=== ACTION ITEM ===
For the material below, output exactly the span from the line with "Drone view of" to the line with "Pollinator gardens provide", including both, and nothing besides.

=== RECORDS FOR THE EXERCISE ===

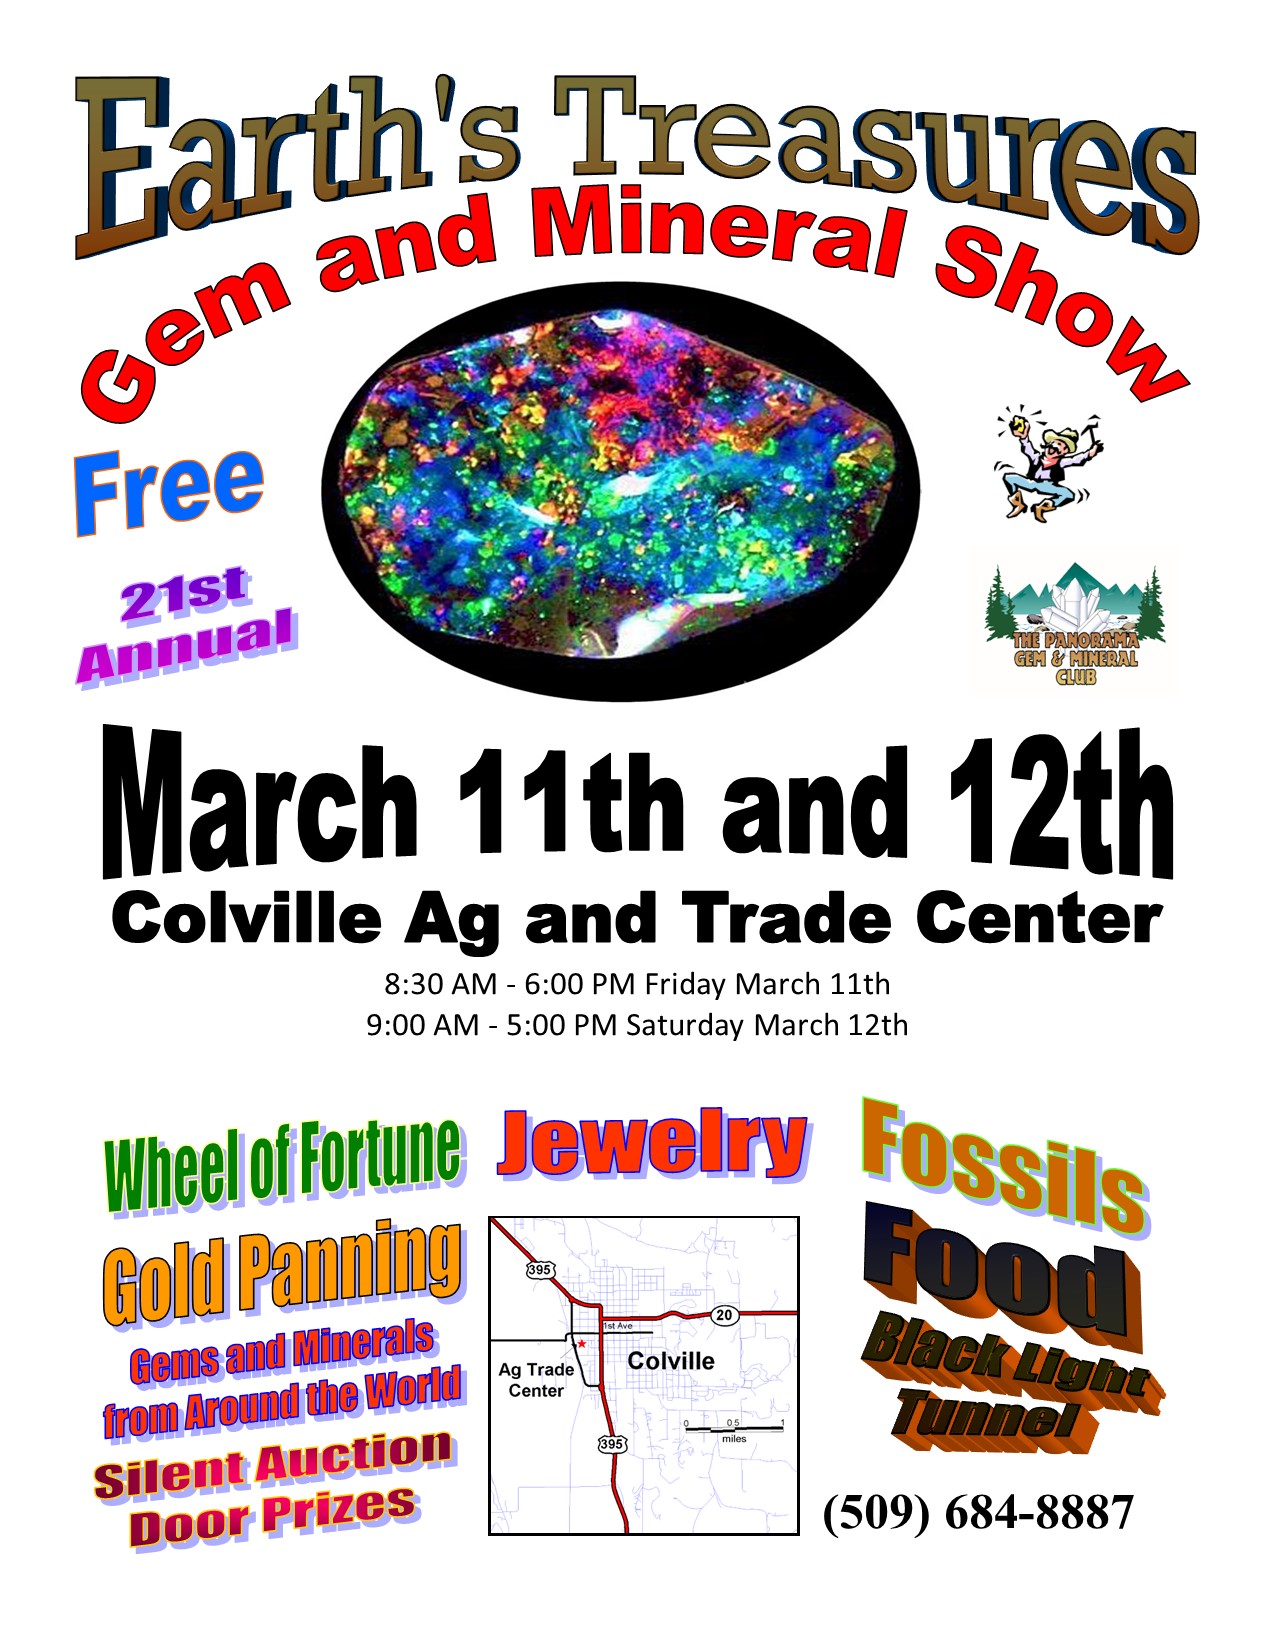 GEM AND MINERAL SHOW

---

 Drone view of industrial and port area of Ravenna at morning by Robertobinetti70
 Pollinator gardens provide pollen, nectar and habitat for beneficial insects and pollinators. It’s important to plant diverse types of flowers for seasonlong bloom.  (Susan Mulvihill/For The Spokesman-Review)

--

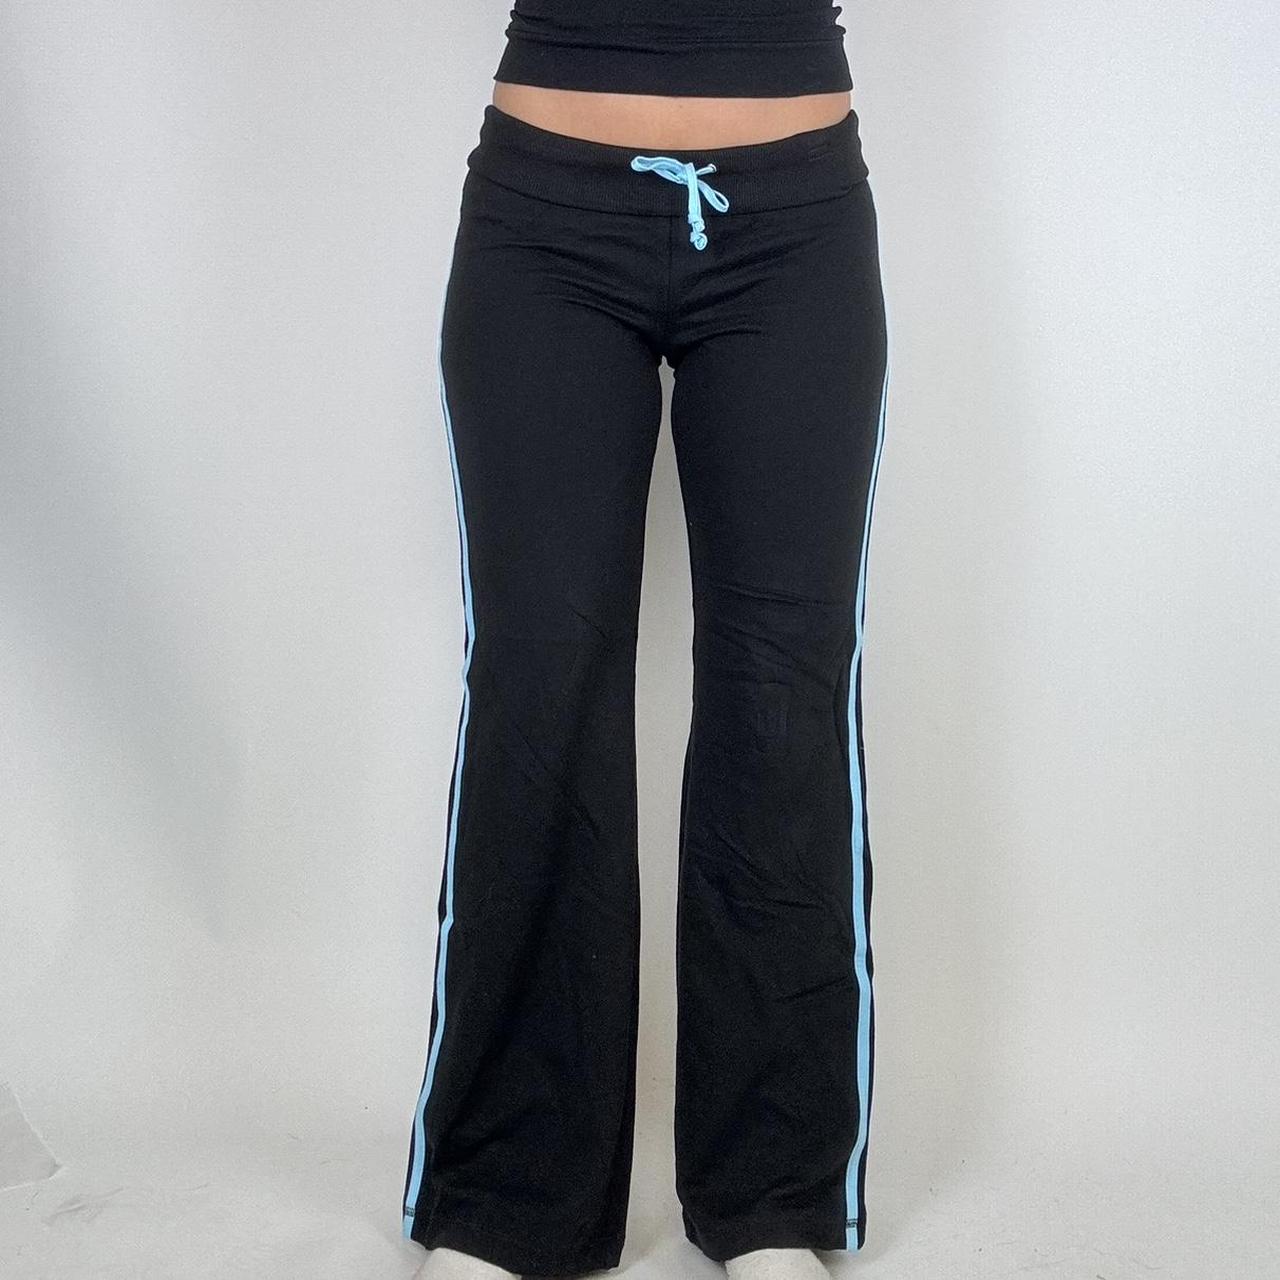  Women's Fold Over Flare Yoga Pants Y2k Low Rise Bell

=== SOLVED PROBLEM ===
 Drone view of industrial and port area of Ravenna at morning by Robertobinetti70
 Pollinator gardens provide pollen, nectar and habitat for beneficial insects and pollinators. It’s important to plant diverse types of flowers for seasonlong bloom.  (Susan Mulvihill/For The Spokesman-Review)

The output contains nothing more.